# Ivf - ovulated before egg collection. Any experience or advice welcome.



## Debs39 (Aug 1, 2012)

I went for ec last week only to discover I had ovulated already. They quickly did iui in the hope of catching the egg on its travels. Don't hold up much hope as I wasn't scanned for 3 days before ec so could have happened at anytime. 

Was on a short protocol. Maximum Menopur and Cetrotide. 

Any success stories after ovulation?


----------



## ladybird73 (Dec 6, 2010)

Hi there 

Sorry I can't help you but I just wanted to wish you all the luck in the world. Were you given something to stop the ovulation from happening until you'd had your trigger? 

Good luck. X


----------



## Debs39 (Aug 1, 2012)

Thank u for your reply. I was taking Cetrotide before the trigger.

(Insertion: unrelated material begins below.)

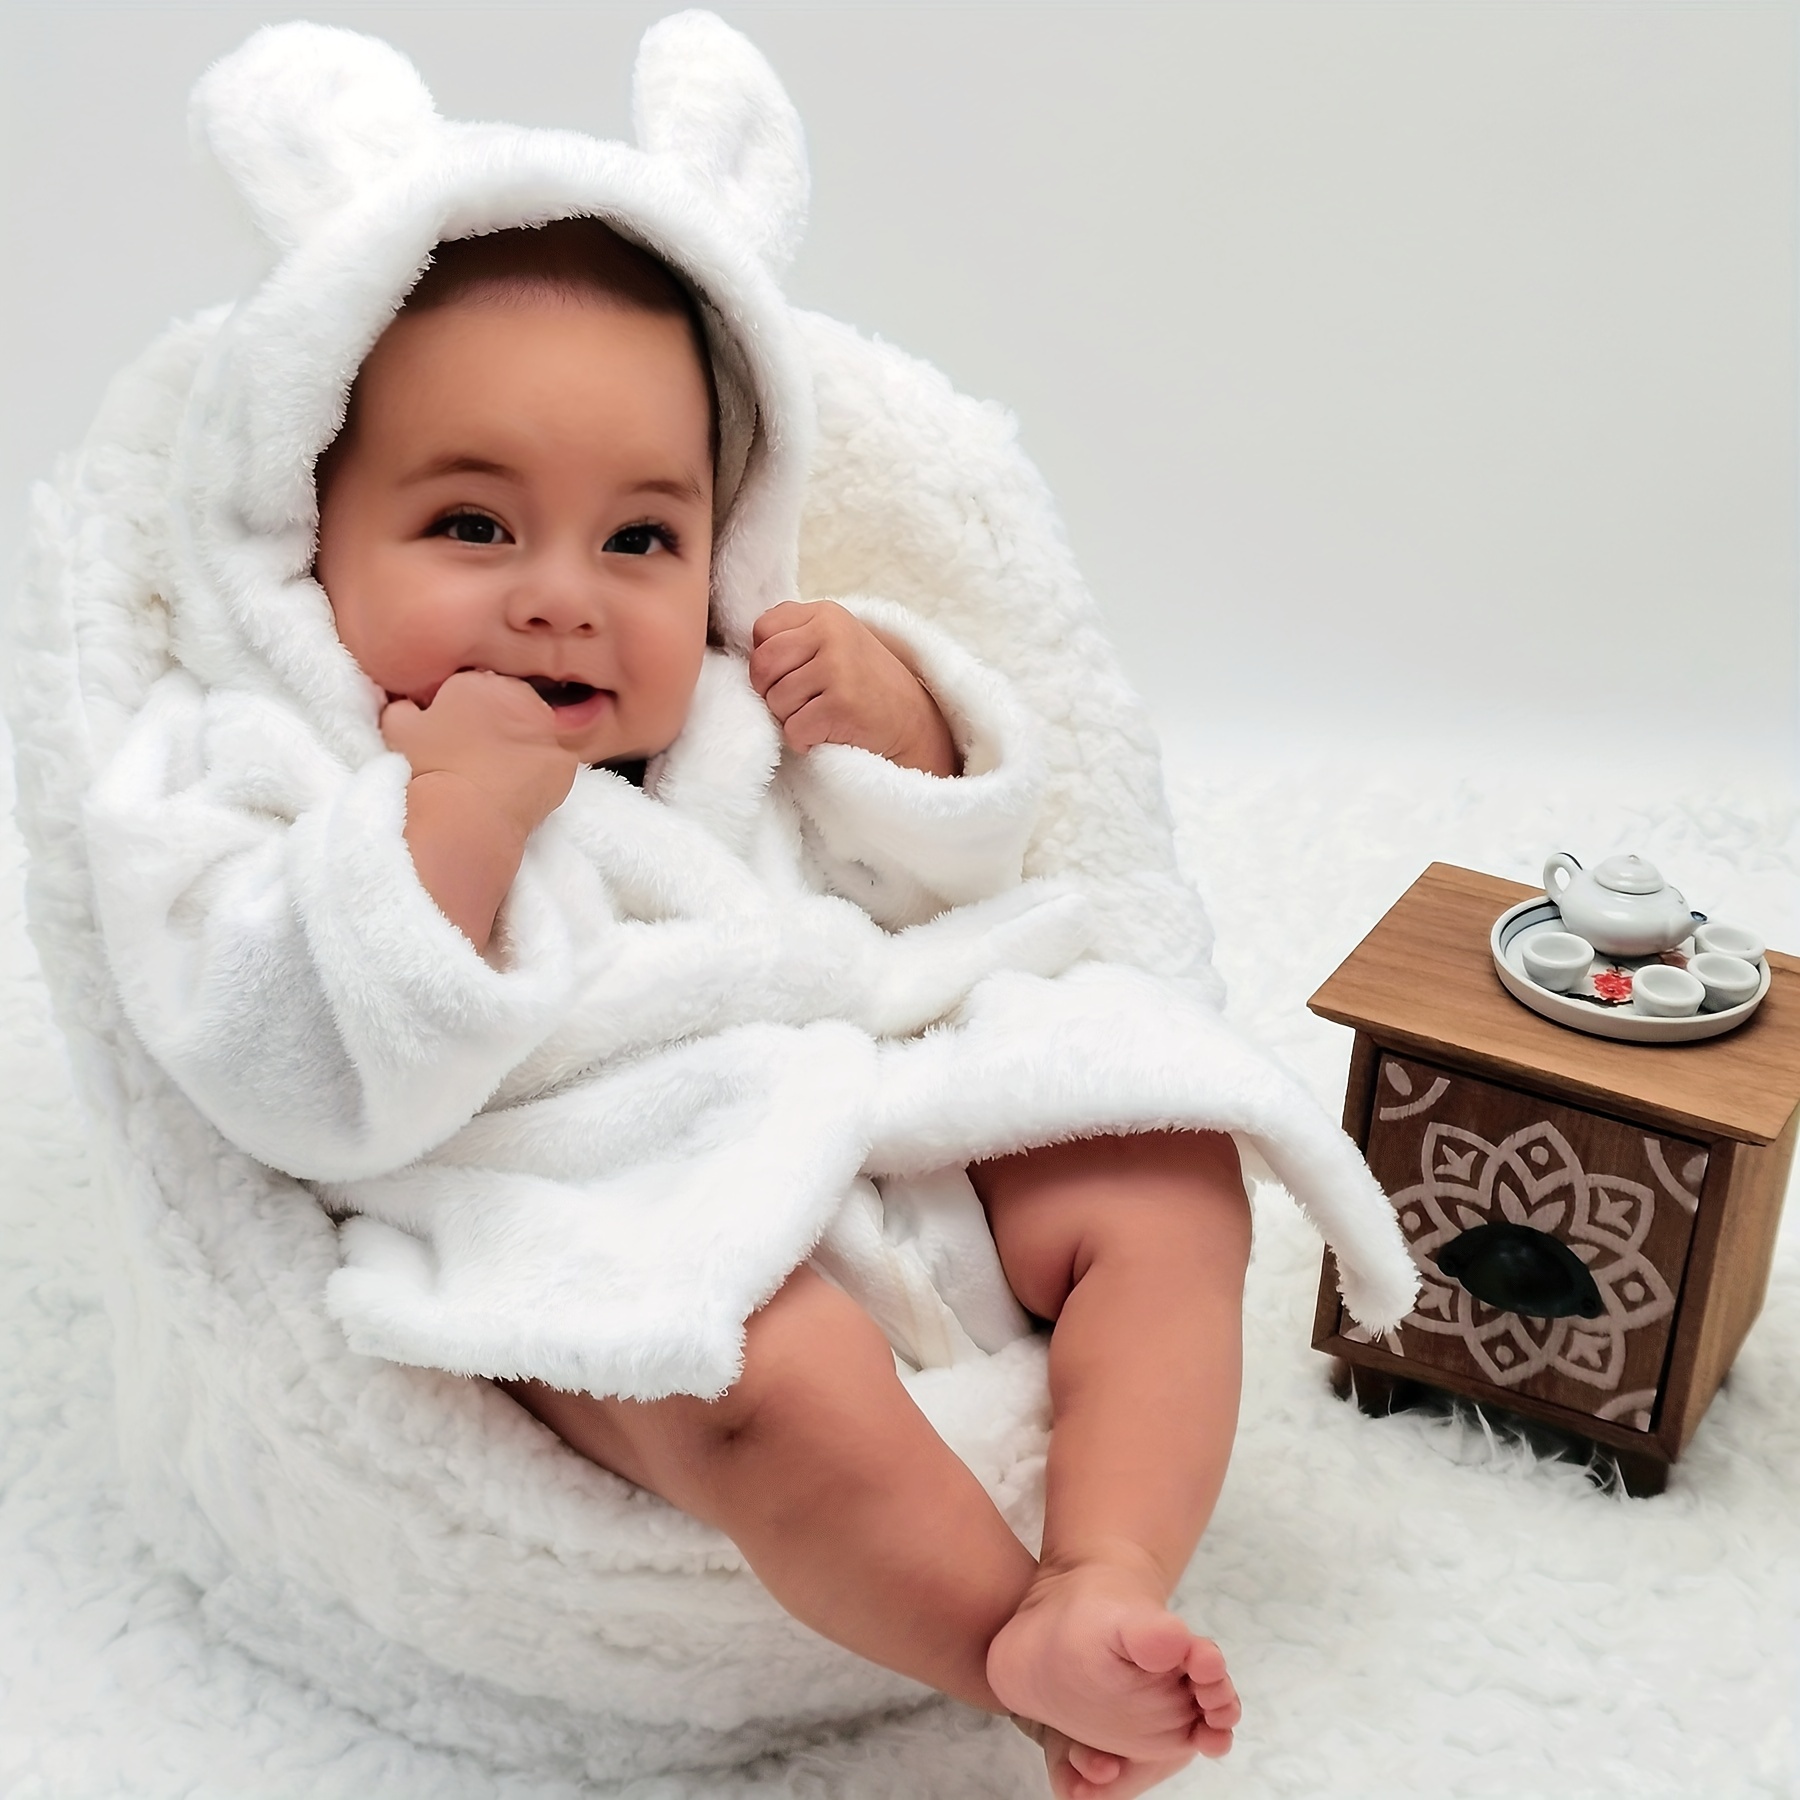 ベビーギフト バスローブ、ホワイトナイトガウン新生児写真アクセサリーパジャマ新しい赤ちゃんの写真撮影服豪華なバスタオル

Hope to get some more answers tomorrow. 

Congrats on your BFP . . Keeping everything crossed for u. 

One more week left on the 2WW but really not expecting any good news now.


----------



## CharlieClarke (Apr 9, 2012)

Hi Debs

I'm just about to start my second round of ivf and I'm on the same drugs as you took. I asked the exact same question today about ovulating early and they said this is very rare!
On my first round I got symptoms of ovulation at my second scan and they checked my blood, i was right and they pulled me in early.

I thought the Centrotide was meant to stop this happenning? 

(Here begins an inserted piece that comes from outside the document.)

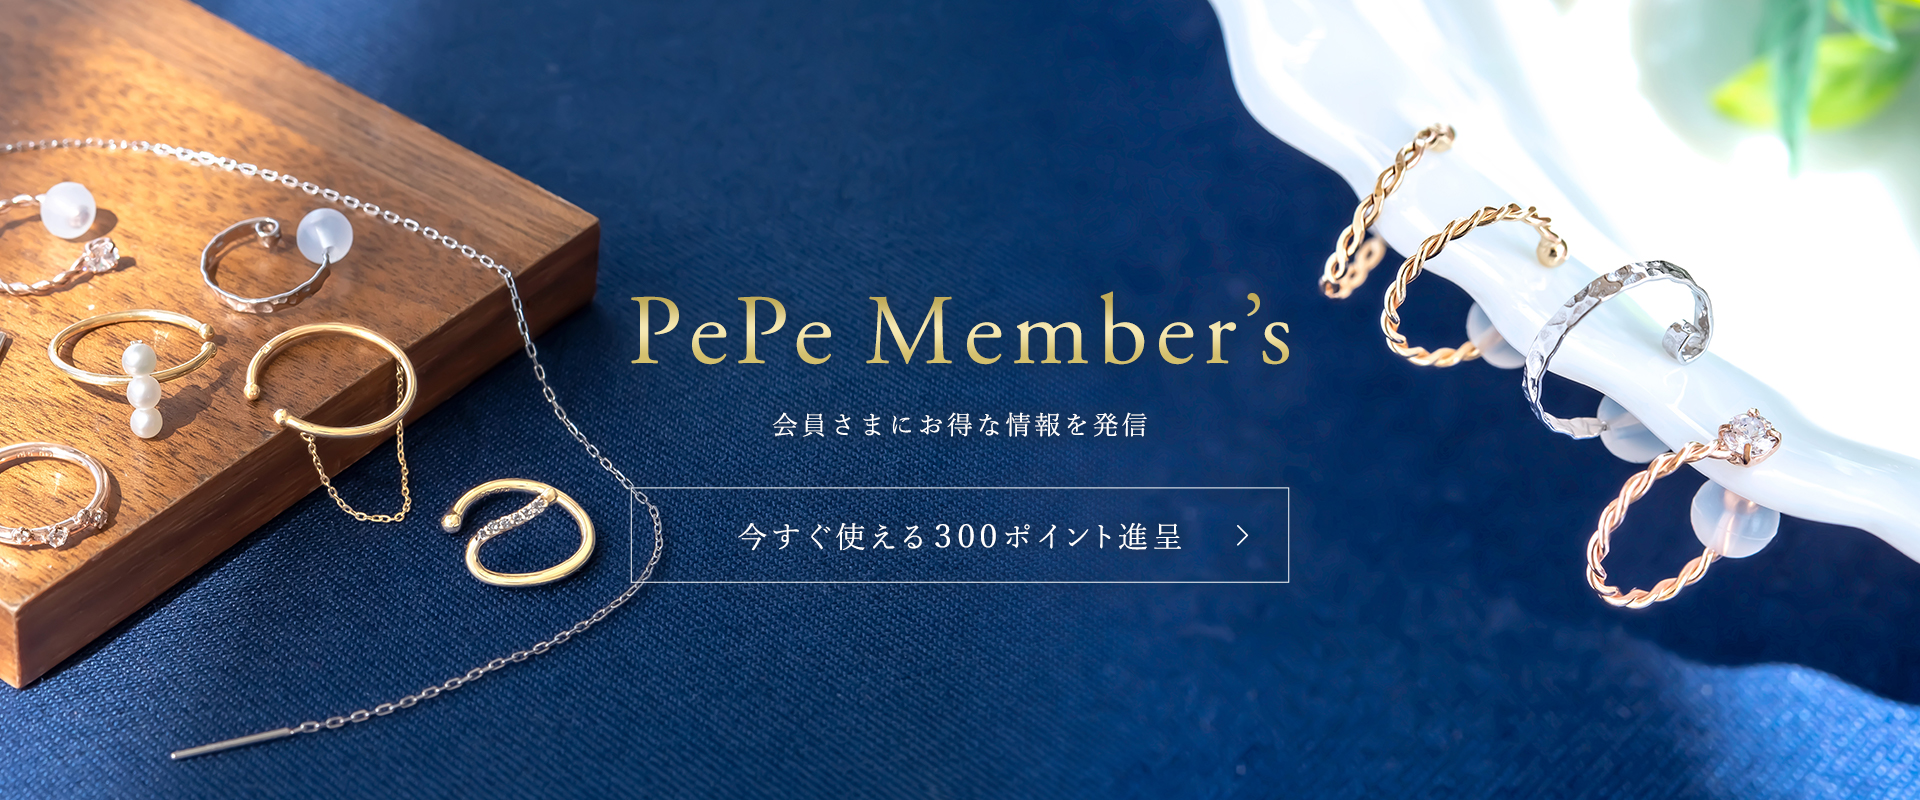 PePe Member's

I hope you get some answers but most importantly I hope the iui works


----------



## Pyra (Apr 1, 2012)

Hi Debs,

I do hope the IUI works.

I was on a short protocol with Cetrotide for IVF as well. In case you do need to do a round of IVF (I hope you won't), you must ask your clinic if they can scan you and check your LH levels every other day. I even had daily scans + bloods towards the end of the cycle. What dose of Cetrotide were you on?

xx


----------



## Maisyz (Dec 15, 2010)

Never heard of this before , only thing I can think is did they tell you to trigger too early or use too high a trigger? Hope you get some answers anyway and good luck with the IUI.


----------



## Debs39 (Aug 1, 2012)

Pyra and Maisyz, 

Thank u for your replies. Really useful to know about the LH tests and daily scans. My LH wasn't tested at all in my cycle. Should it have been tested as a matter of course? 

From day 7 I was taking one Cetrotide powder per day. I think that's 0.25 mg.

I was on the maximum dose of Menopur (6 powders per day).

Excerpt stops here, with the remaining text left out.